*EXERCISE INPUTS*.

= Beginning of Section =

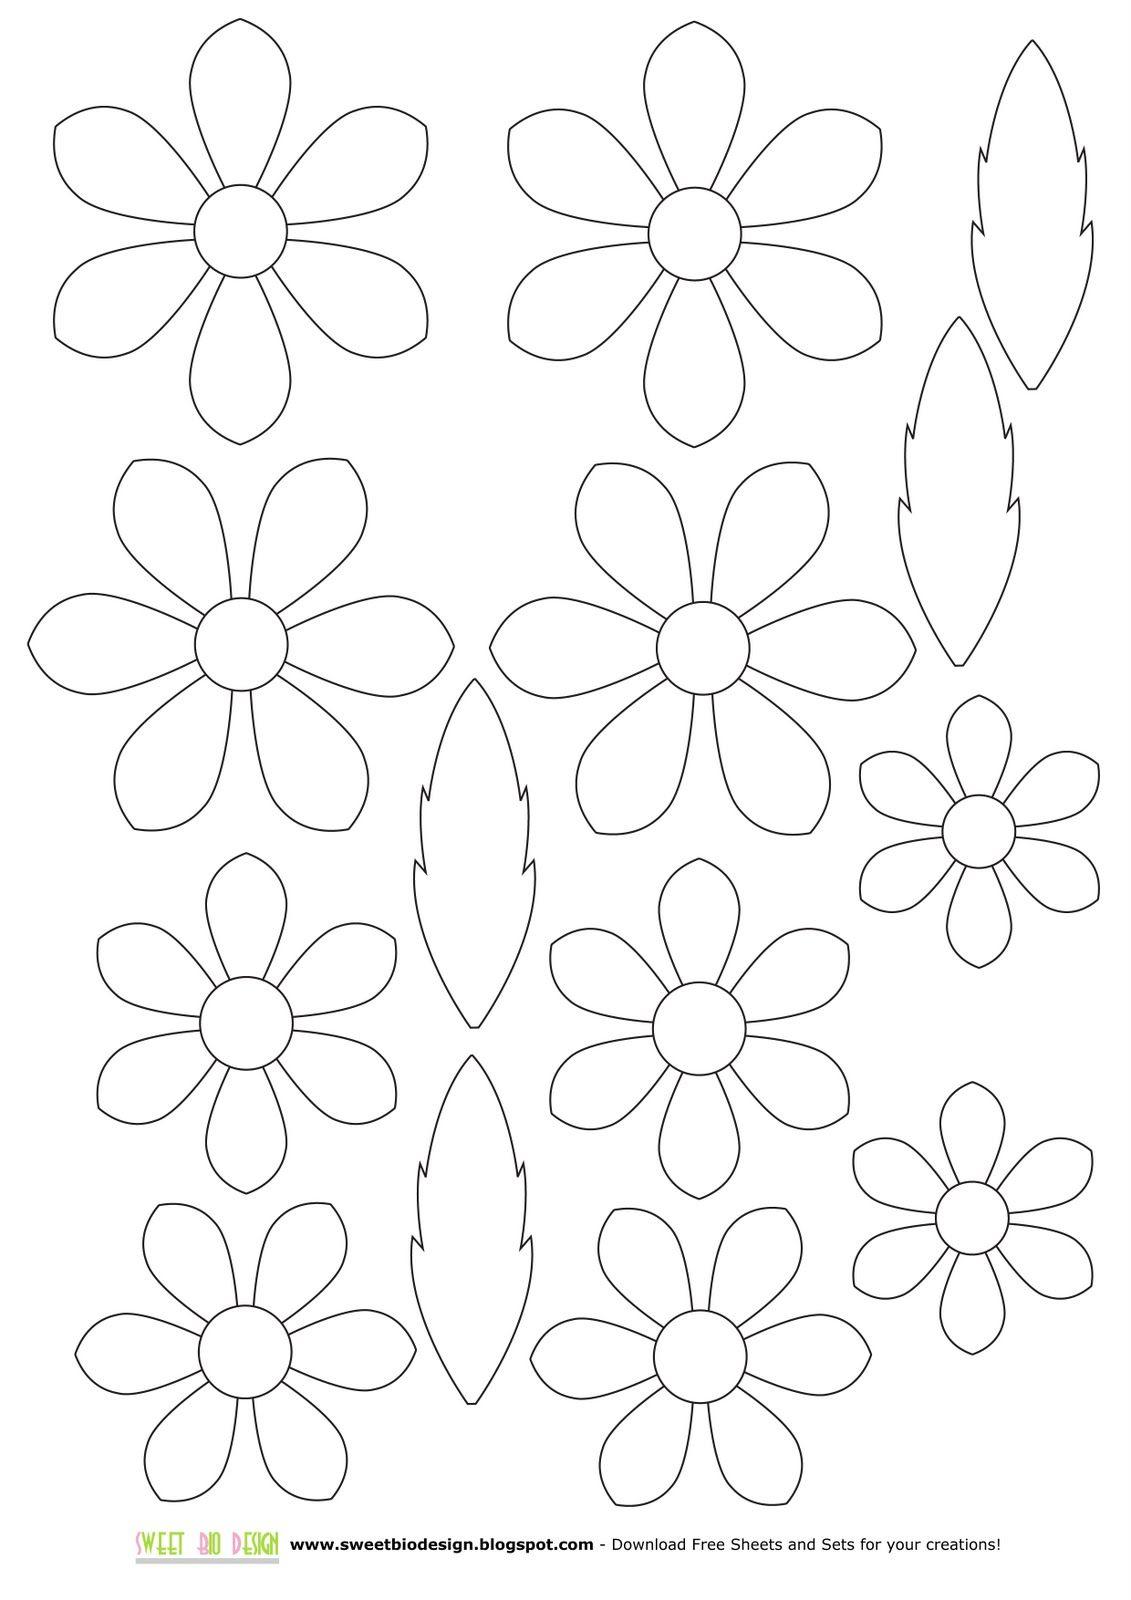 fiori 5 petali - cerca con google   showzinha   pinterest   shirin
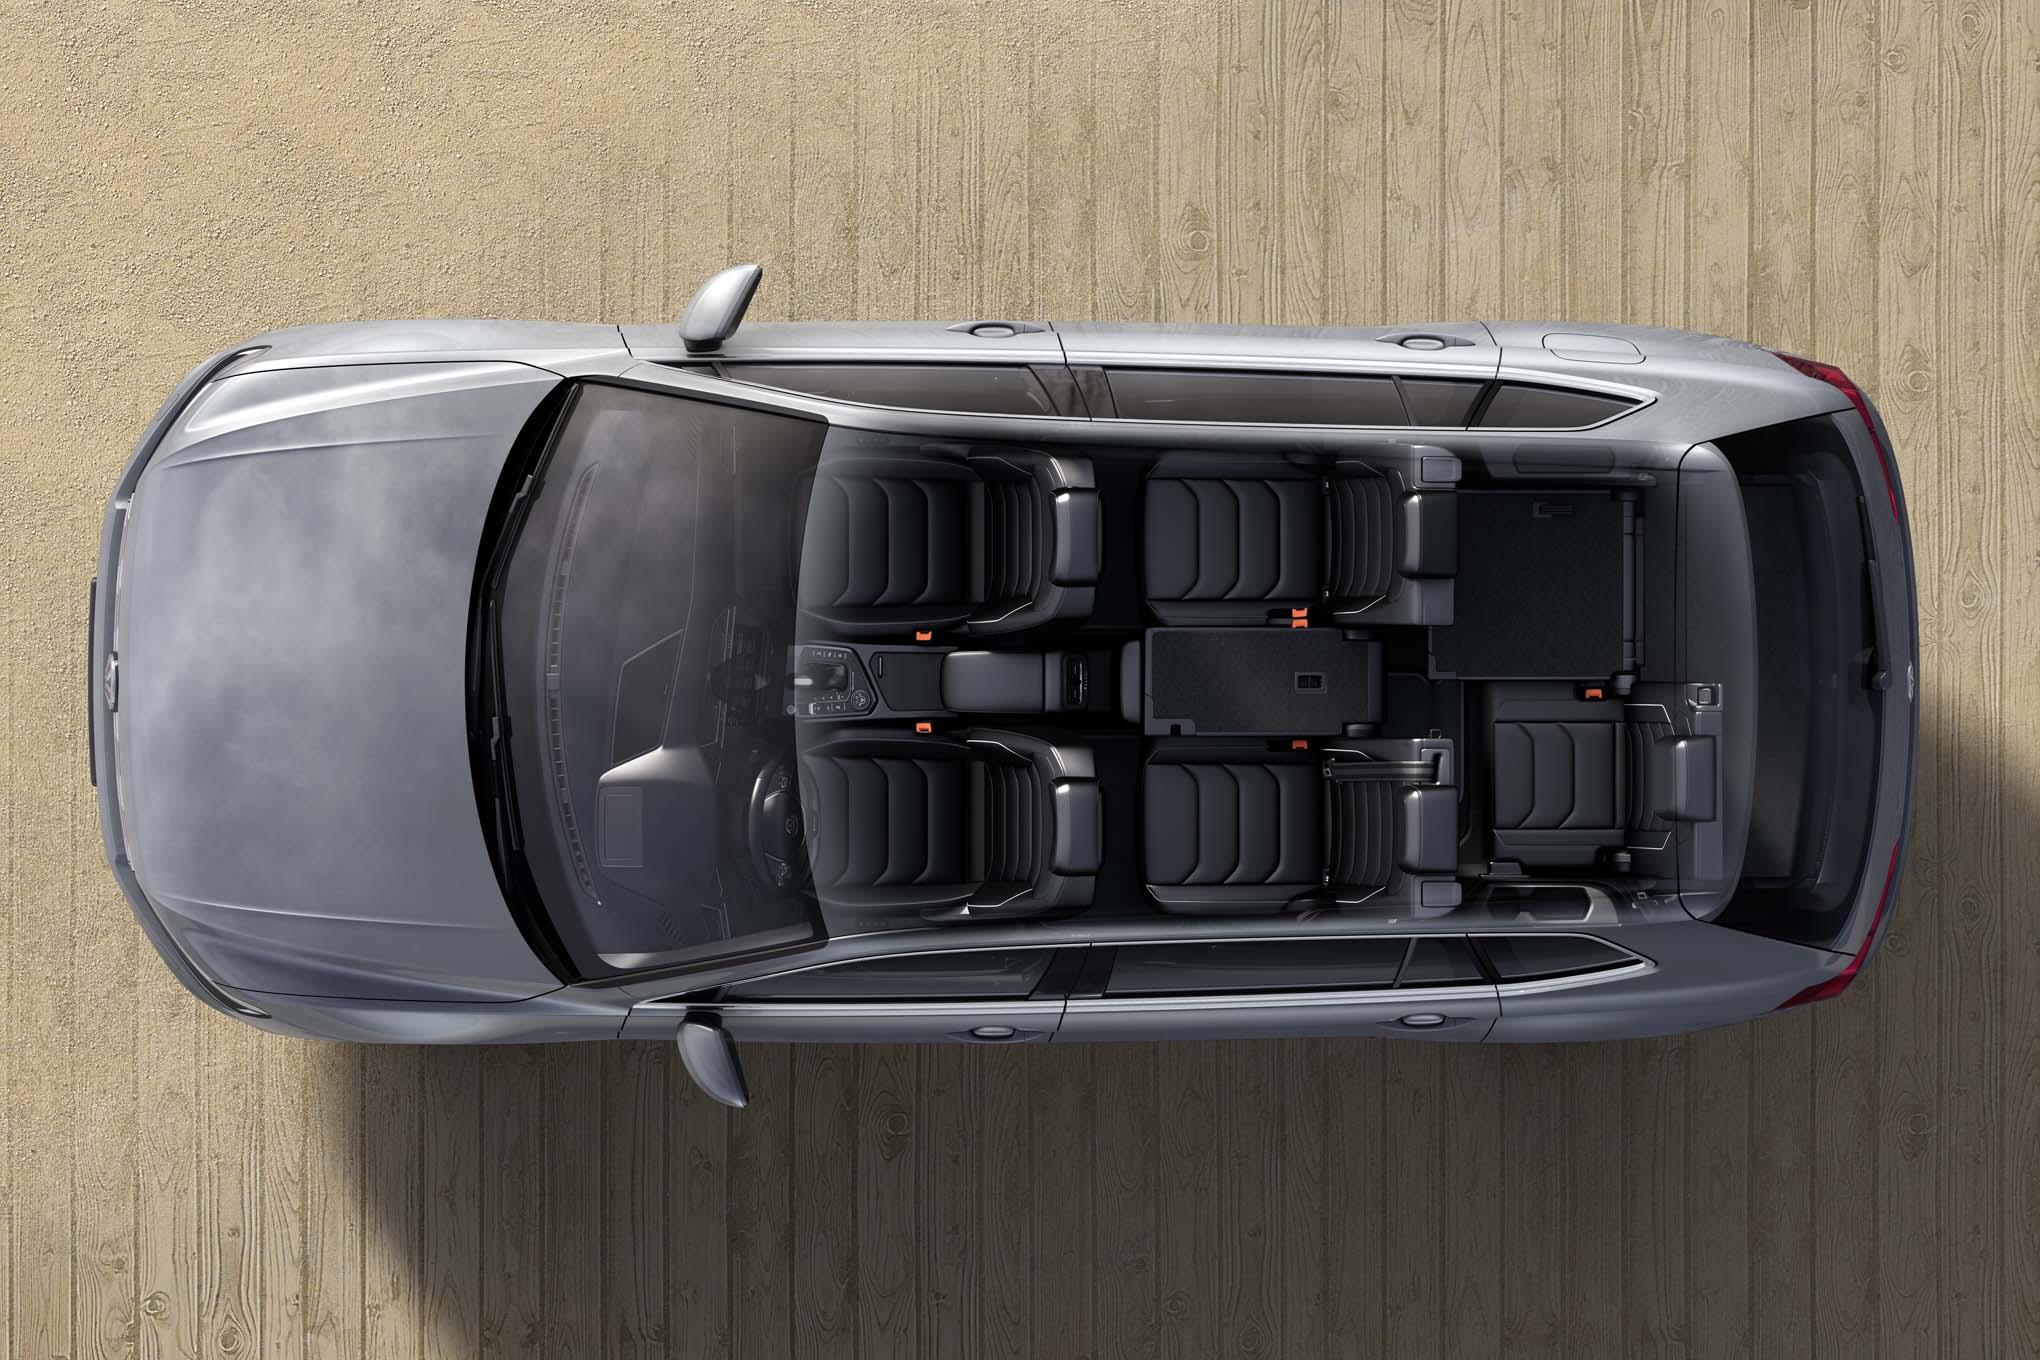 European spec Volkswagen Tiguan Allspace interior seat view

= End of Section =
= Beginning of Section =

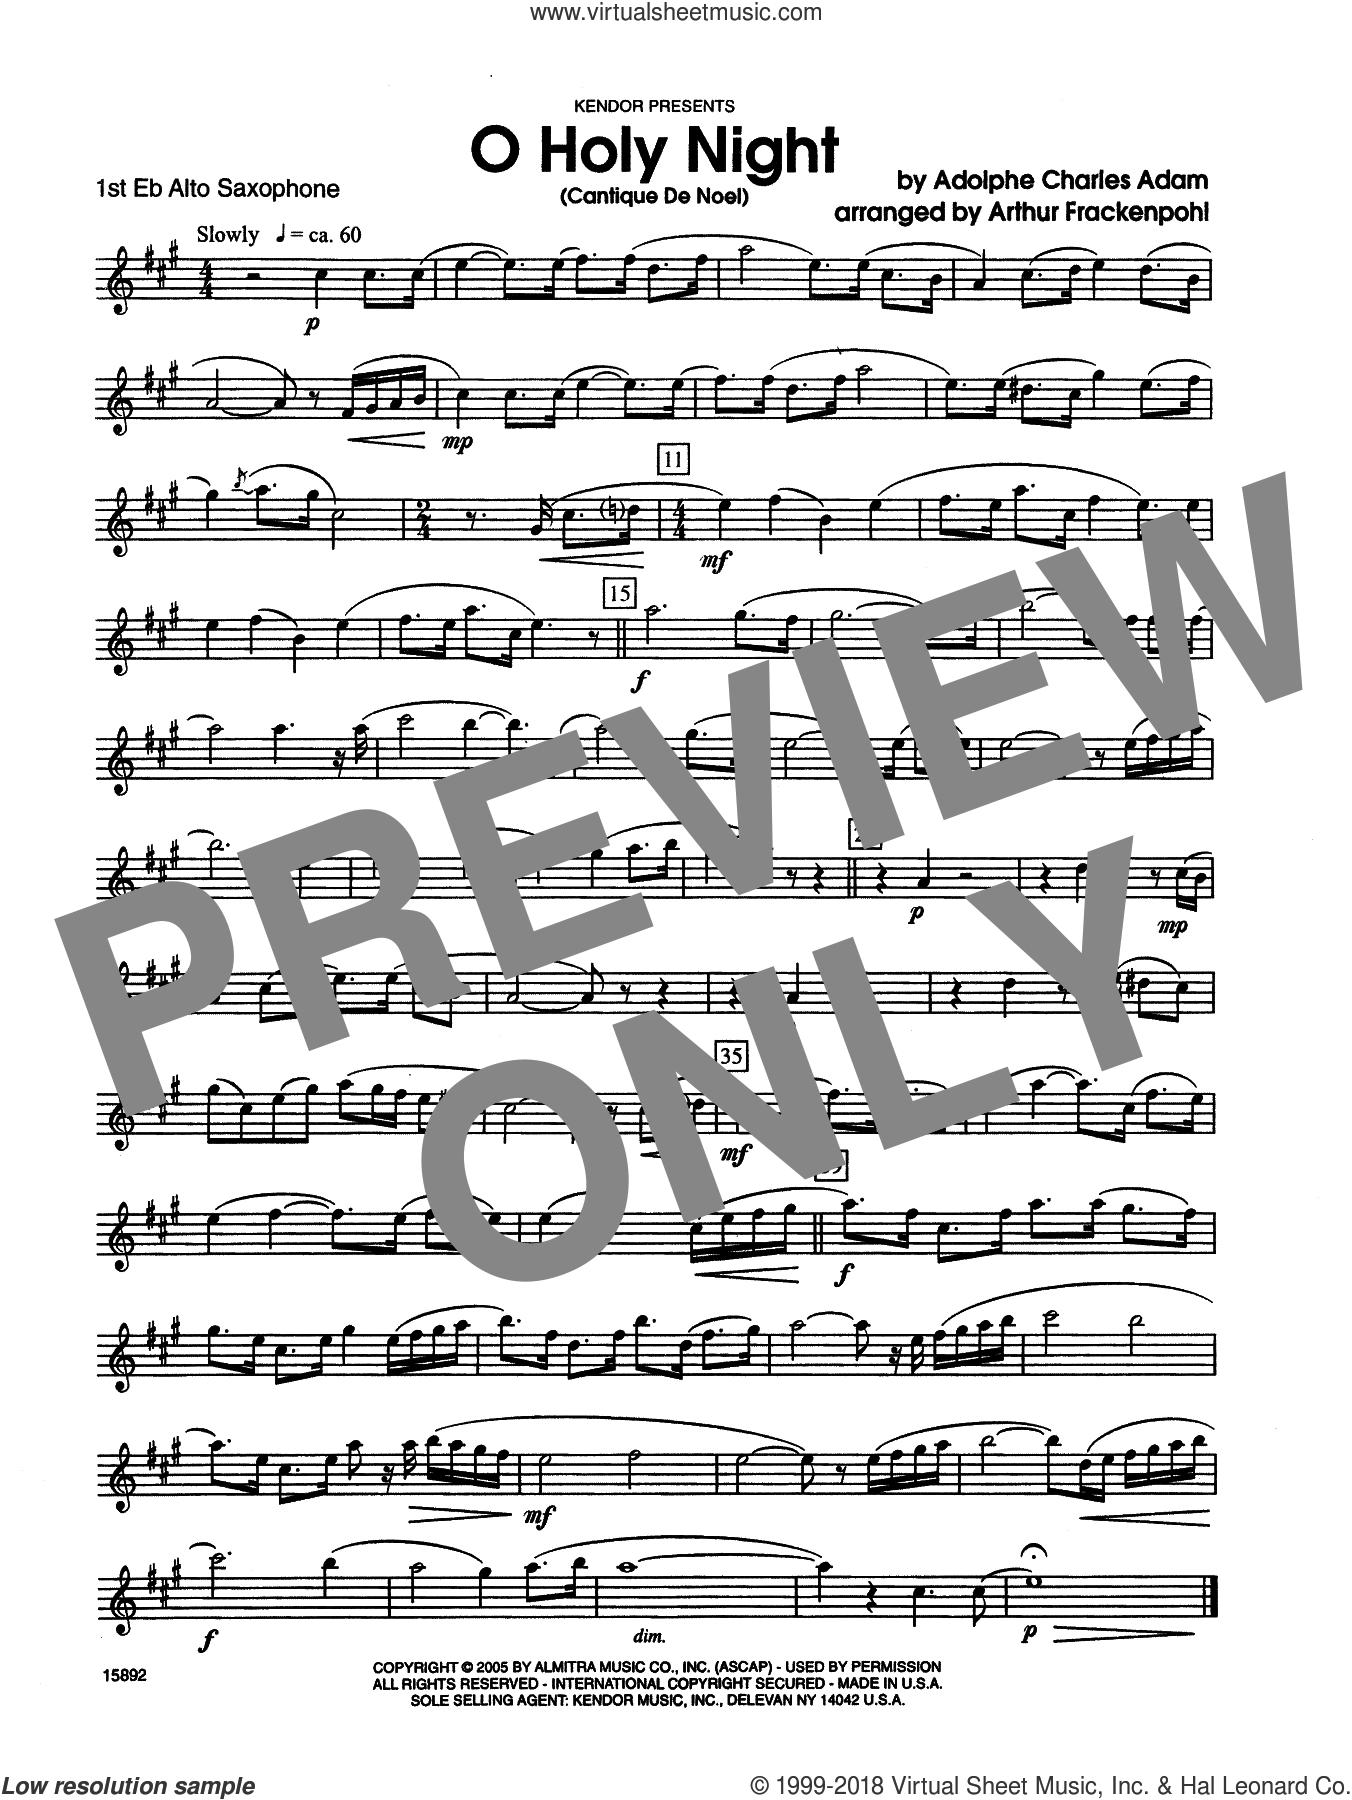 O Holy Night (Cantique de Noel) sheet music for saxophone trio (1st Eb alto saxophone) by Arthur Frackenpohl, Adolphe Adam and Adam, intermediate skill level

= End of Section =

Given the listing above, retype only the span of lines from the line with "fiori 5 petali" up to and including the line with "European spec Volkswagen", exactly as it stands and without pictures.

*TASK RESULT*.
 fiori 5 petali - cerca con google   showzinha   pinterest   shirin
 European spec Volkswagen Tiguan Allspace interior seat view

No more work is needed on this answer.